Experimental algorithms. Unsupported.

https://nupicresearch.readthedocs.io

GNU Affero General Public License v3.0

104 stars 60 forks source link

RES-2190: Fix labels set to -100 in finetuning tasks #517

Closed benja-matic closed 3 years ago

benja-matic commented 3 years ago

Regarding RES-2190. Looks like HuggingFace trainer looks at args.dataloader_drop_last for train, and eval loaders. Workaround is to turn flip that to False during evaluation in compute_metrics_task, flip it back to True at the end (if it was originally true). A few minor ignorable formatting edits will merge in as well. Finally, there's a finetuning experiment for tiny_bert50k.

mvacaporale commented 3 years ago

Good find. The solution is simple and straightforward. Note, there could be others ways. For one, we could override get_eval_dataloader, but I think that would a bit cumbersome. I think yours will work quite well for our needs.

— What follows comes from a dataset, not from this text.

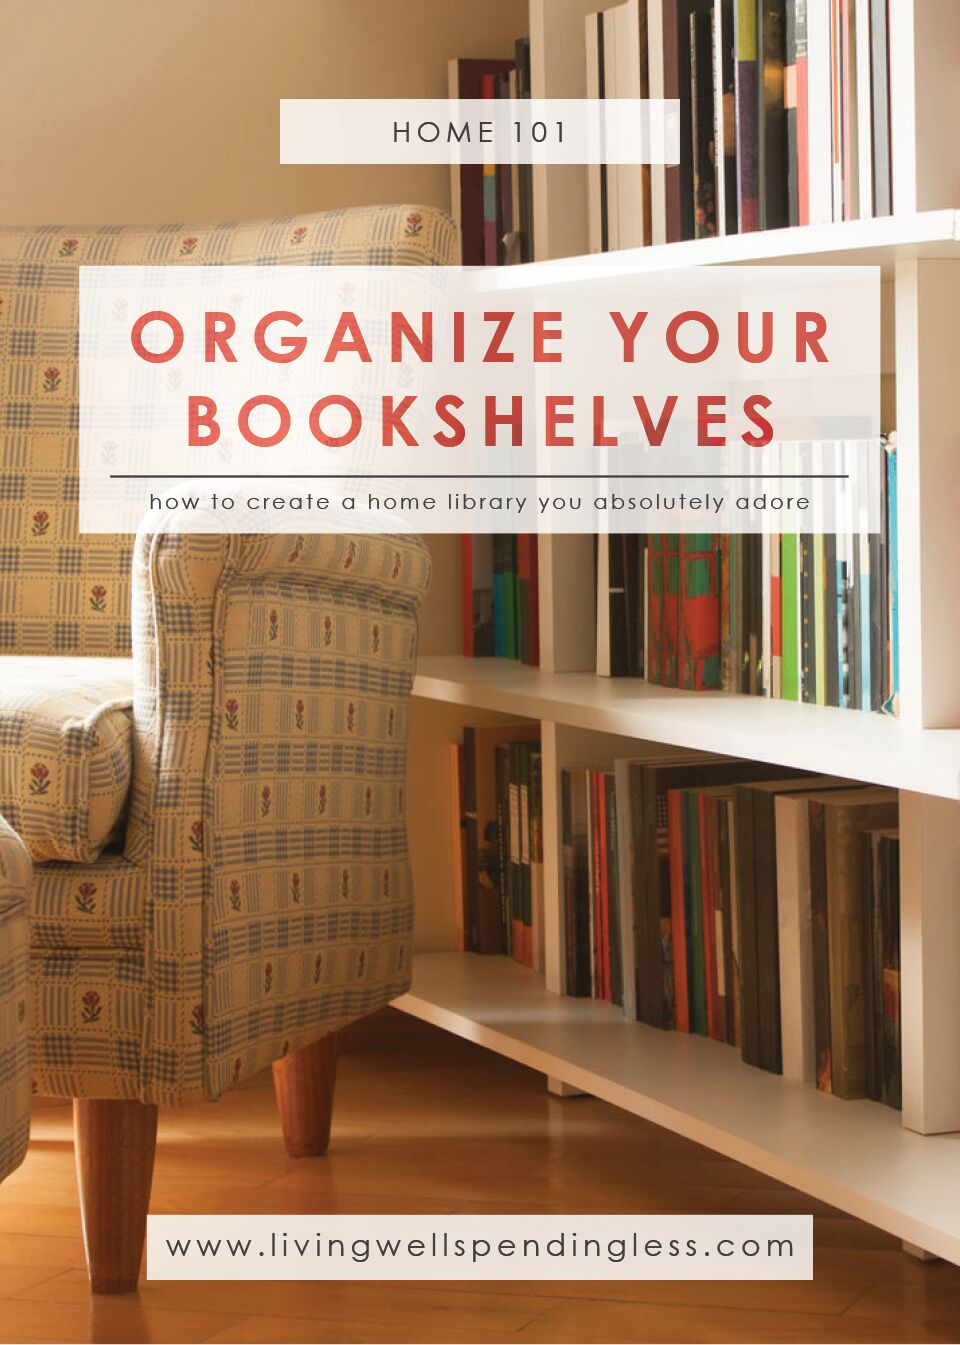 How to Organize Your Bookshelves | How to Create a Home Library | Organize Books | Declutter Your Books

mvacaporale commented 3 years ago

@benja-matic Do you know how this change affects the fine-tuning results? We should probably rerun those from the README (including bert_1mi, bert_100k, sparse_80%_kd_onecycle_lr_rigl, and sparse_80%_kd_onecycle_lr) @lucasosouza What do you think? Is this necessary? My concern is that it may make it harder to contextualize new results if we don't rerun previous fine-tuning experiments. Or at the very least, we should rerun one or two just to make sure the results are negligibly affected.

benja-matic commented 3 years ago

@benja-matic Do you know how this change affects the fine-tuning results? We should probably rerun those from the README (including bert_1mi, bert_100k, sparse_80%_kd_onecycle_lr_rigl, and sparse_80%_kd_onecycle_lr) @lucasosouza What do you think? Is this necessary? My concern is that it may make it harder to contextualize new results if we don't rerun previous fine-tuning experiments. Or at the very least, we should rerun one or two just to make sure the results are negligibly affected.

@mvacaporale don't know just yet. I'm rerunning fine tuning on baseline models this afternoon.